Tampoco. Las personas que se manifiestan frente al domicilio de una figura pública ejercen derechos constitucionales fundamentales: libertad de expresión, de reunión, de asociación y de petición a las autoridades (arts. 14, 32 y 33 de la CN).
Esos derechos solo pueden ser restringidos por ley, en casos excepcionales, y con criterios de necesidad y proporcionalidad. Presumir que toda manifestación frente a un domicilio implica perturbación o amenaza resulta no solo jurídicamente infundado, sino políticamente regresivo
El afecto social no se disciplina por resolución judicial. Ni se puede exigir a quien recibe apoyo que lo desactive. Esa lógica invierte el principio de libertad y abre la puerta a un derecho penal de autor, donde no se castigan conductas, sino biografías, afinidades, símbolos.
El Estado tiene facultades para ordenar el espacio público, pero no puede castigar la adhesión popular ni convertir a una figura política en objeto de escarnio o reclusión afectiva.

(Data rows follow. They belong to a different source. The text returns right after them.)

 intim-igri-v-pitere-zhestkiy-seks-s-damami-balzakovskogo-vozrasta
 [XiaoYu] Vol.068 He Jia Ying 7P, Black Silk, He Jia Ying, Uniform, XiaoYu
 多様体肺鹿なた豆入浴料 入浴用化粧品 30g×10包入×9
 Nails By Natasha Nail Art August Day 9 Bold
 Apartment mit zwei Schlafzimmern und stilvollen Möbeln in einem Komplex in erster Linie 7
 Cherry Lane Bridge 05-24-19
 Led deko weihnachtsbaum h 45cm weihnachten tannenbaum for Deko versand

El juez no puede, por vía indirecta, impedir que una comunidad exprese su afecto o identidad política, ni responsabilizar a la persona condenada por ese fenómeno. Tal pretensión implicaría una forma de censura inaceptable en un Estado de derecho.
V. El castigo simbólico: cuando el derecho penal persigue lo que se representa
El poder judicial no puede utilizar el derecho de ejecución penal para “neutralizar” una figura pública o controlar el impacto social que produce su mera existencia. Eso excede el marco legal y configura un uso político del derecho penal.
Las expresiones como “perturbar la tranquilidad” o “alterar la convivencia” son deliberadamente vagas. Su ambigüedad habilita interpretaciones arbitrarias. No definen una conducta prohibida; definen un estado de ánimo que molesta al poder. Son, en rigor, fórmulas habilitantes para el castigo simbólico.
En ese escenario, lo que se persigue no es una transgresión legal, sino una osadía política: la de seguir siendo amada. La de no desaparecer del escenario público. La de seguir generando adhesión popular sin micrófono, sin poder formal, sin estructura partidaria. La de perdurar en la memoria.
VI. Comunicación, poder y la imposibilidad de censurar el afecto
Desde una mirada comunicacional, la reacción institucional revela más temor que justicia. Un saludo desde un balcón se transforma en noticia, en gesto, en mensaje. No necesita palabras. Provoca una movilización afectiva que el poder no puede controlar.
Frente a ese fenómeno, el intento de regular el afecto por vía judicial no solo es inviable: es contraproducente. Solo exhibe el fracaso de una estrategia de disciplinamiento simbólico que, lejos de borrar, reafirma el vínculo entre la líder y su gente.
Ni la ley, ni los tribunales, pueden interrumpir el eco que una historia viva deja en millones.
VII. Conclusión
Imponerle a una persona condenada que se abstenga de provocar manifestaciones de afecto es jurídicamente improcedente. Y pretender que esa cláusula alcance a quienes libremente expresan su respaldo político es lisa y llanamente inconstitucional.
El poder judicial debe garantizar derechos, no regular afectos. No se puede convertir al derecho de ejecución penal en un instrumento para acallar símbolos ni para reprimir lo que ya está en nuestra historia.
No es su conducta. Es su existencia.
No es el balcón. Es la gente.
Y eso —como toda verdad profunda en democracia— no puede silenciar una sentencia judicial.